What you have to do » Copy, word for word, the lines below from the one containing "Yooper Life Car" up to and including the one containing "Tiger Of Sweden", with pictures left out.

Data in this exercise »
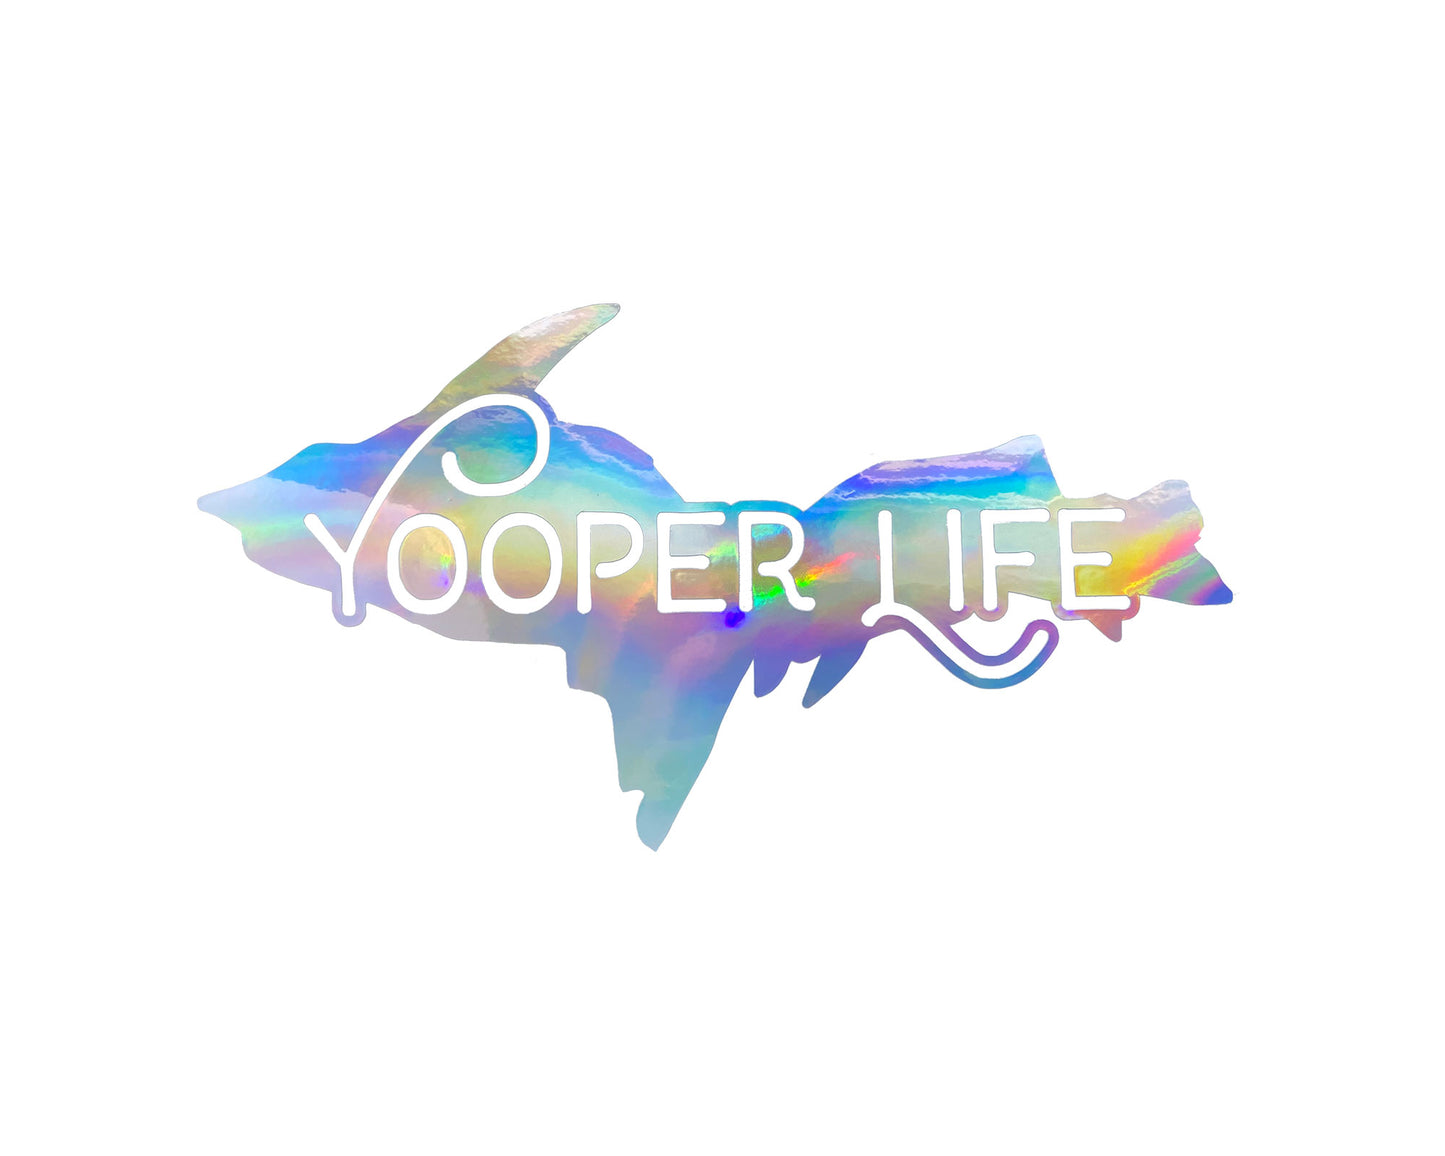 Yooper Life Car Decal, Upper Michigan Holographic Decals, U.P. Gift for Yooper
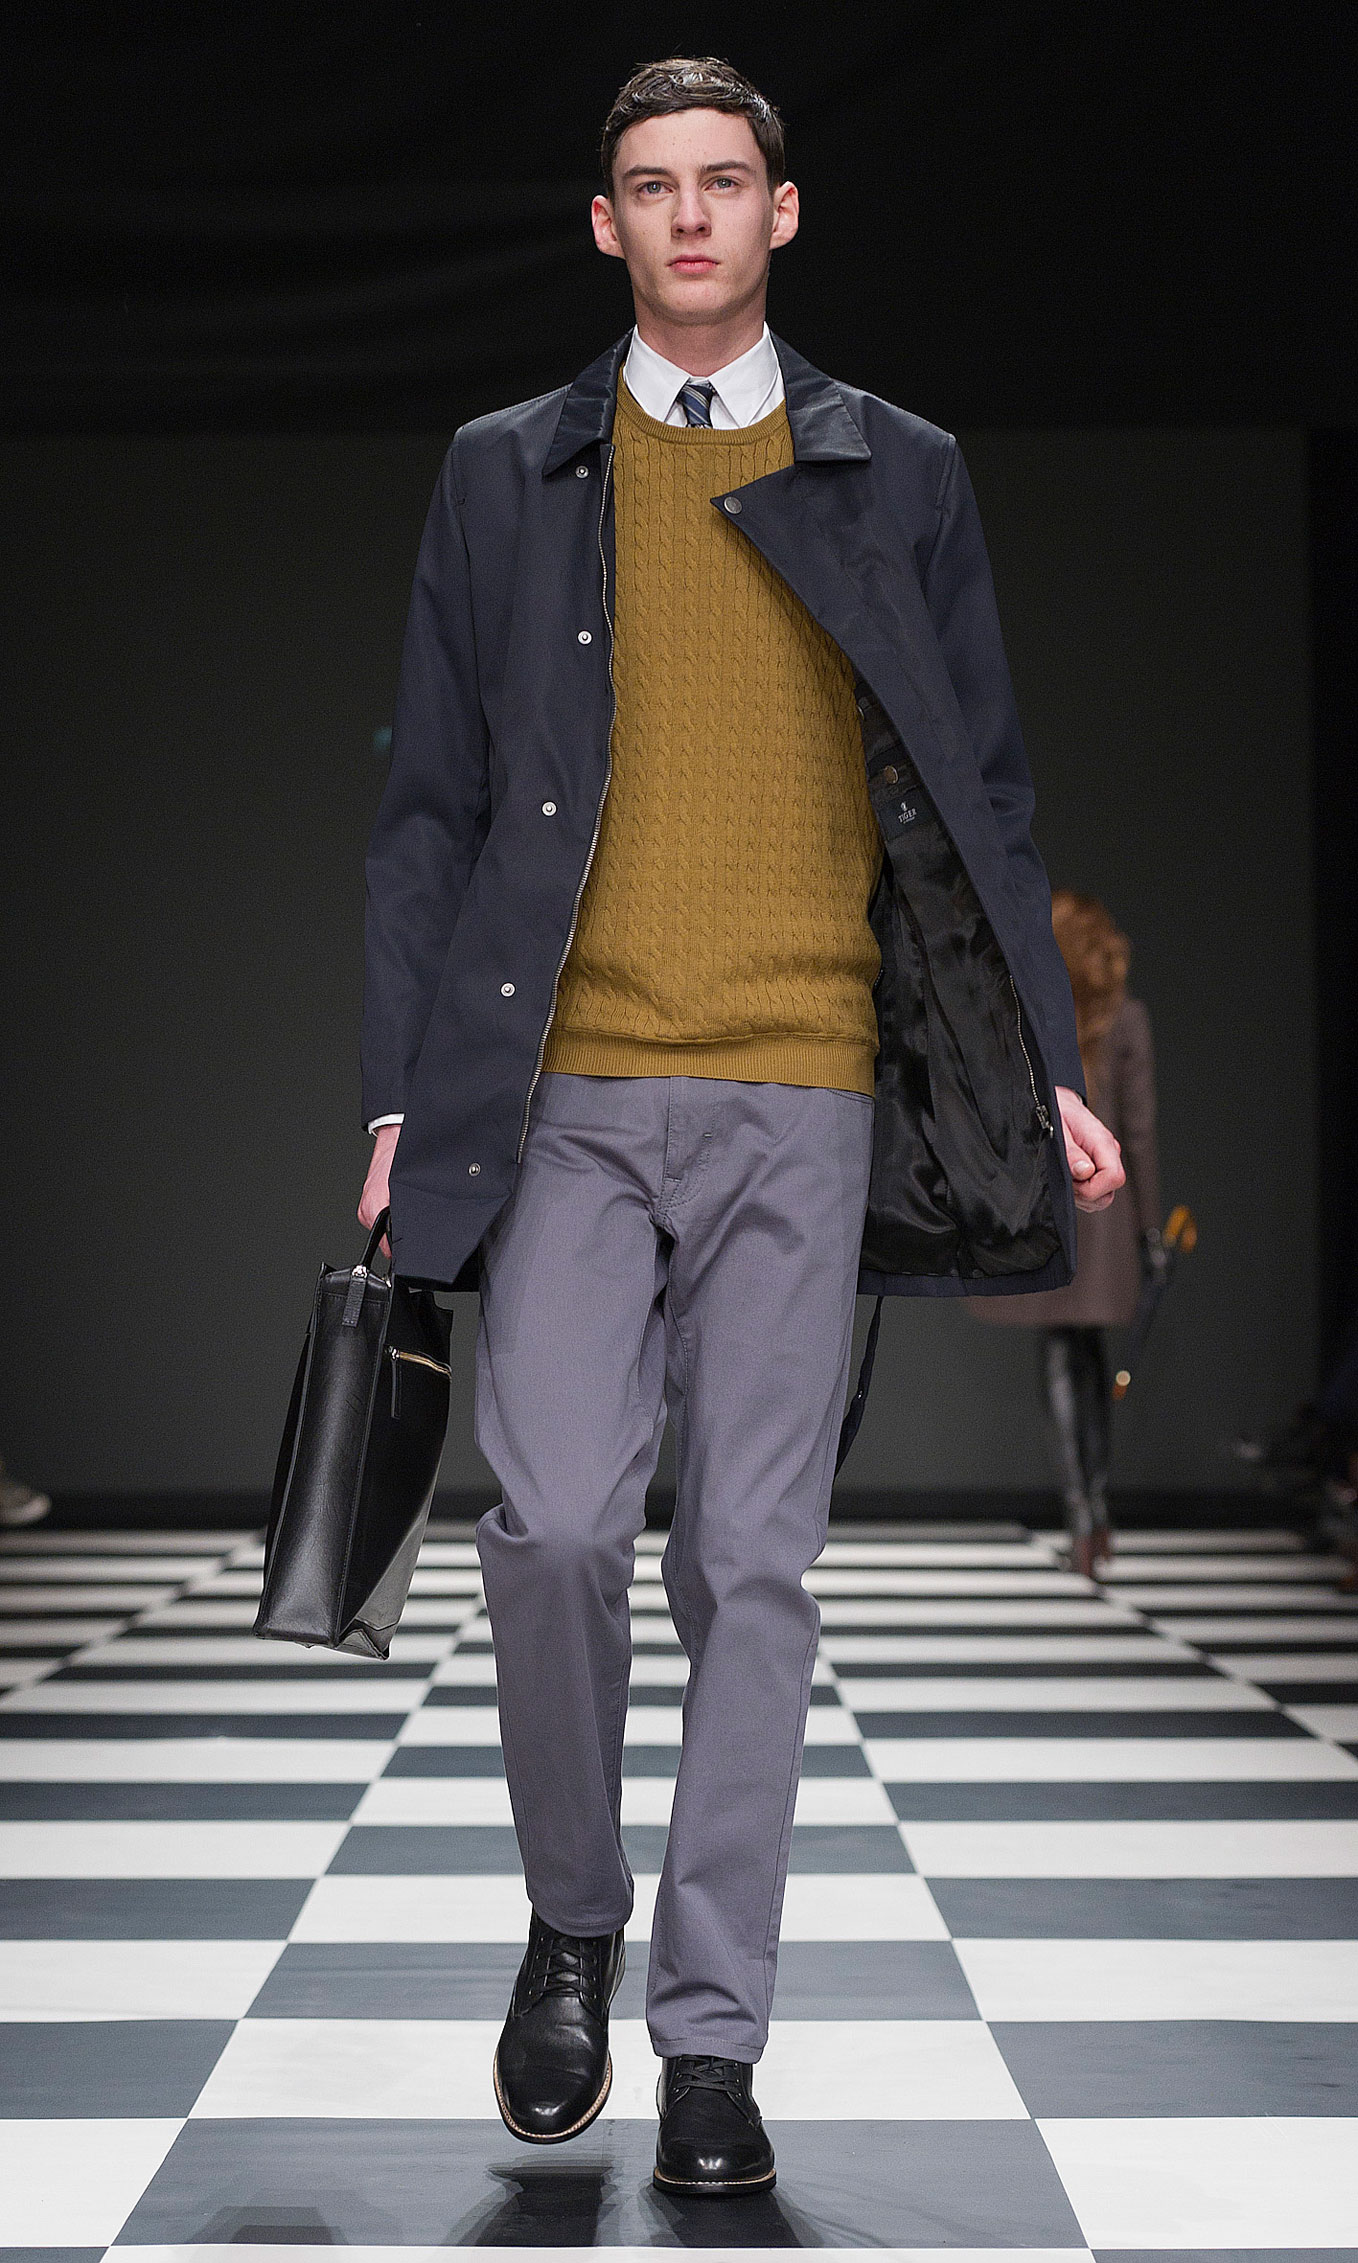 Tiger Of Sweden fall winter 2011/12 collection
---
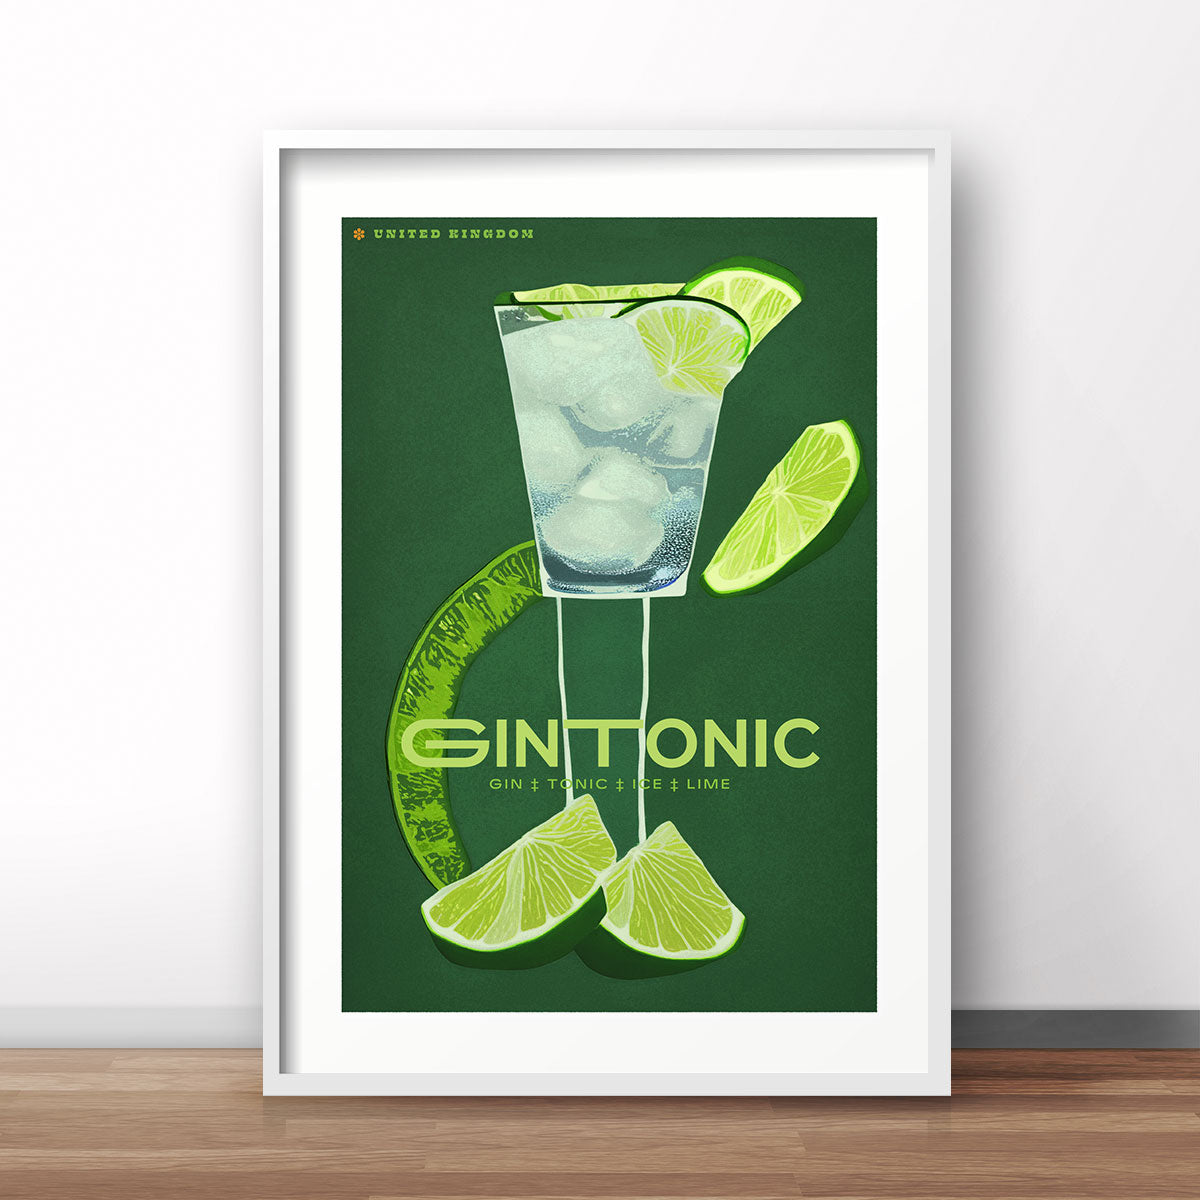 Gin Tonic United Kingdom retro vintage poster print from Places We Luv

Worked solution »
 Yooper Life Car Decal, Upper Michigan Holographic Decals, U.P. Gift for Yooper
 Tiger Of Sweden fall winter 2011/12 collection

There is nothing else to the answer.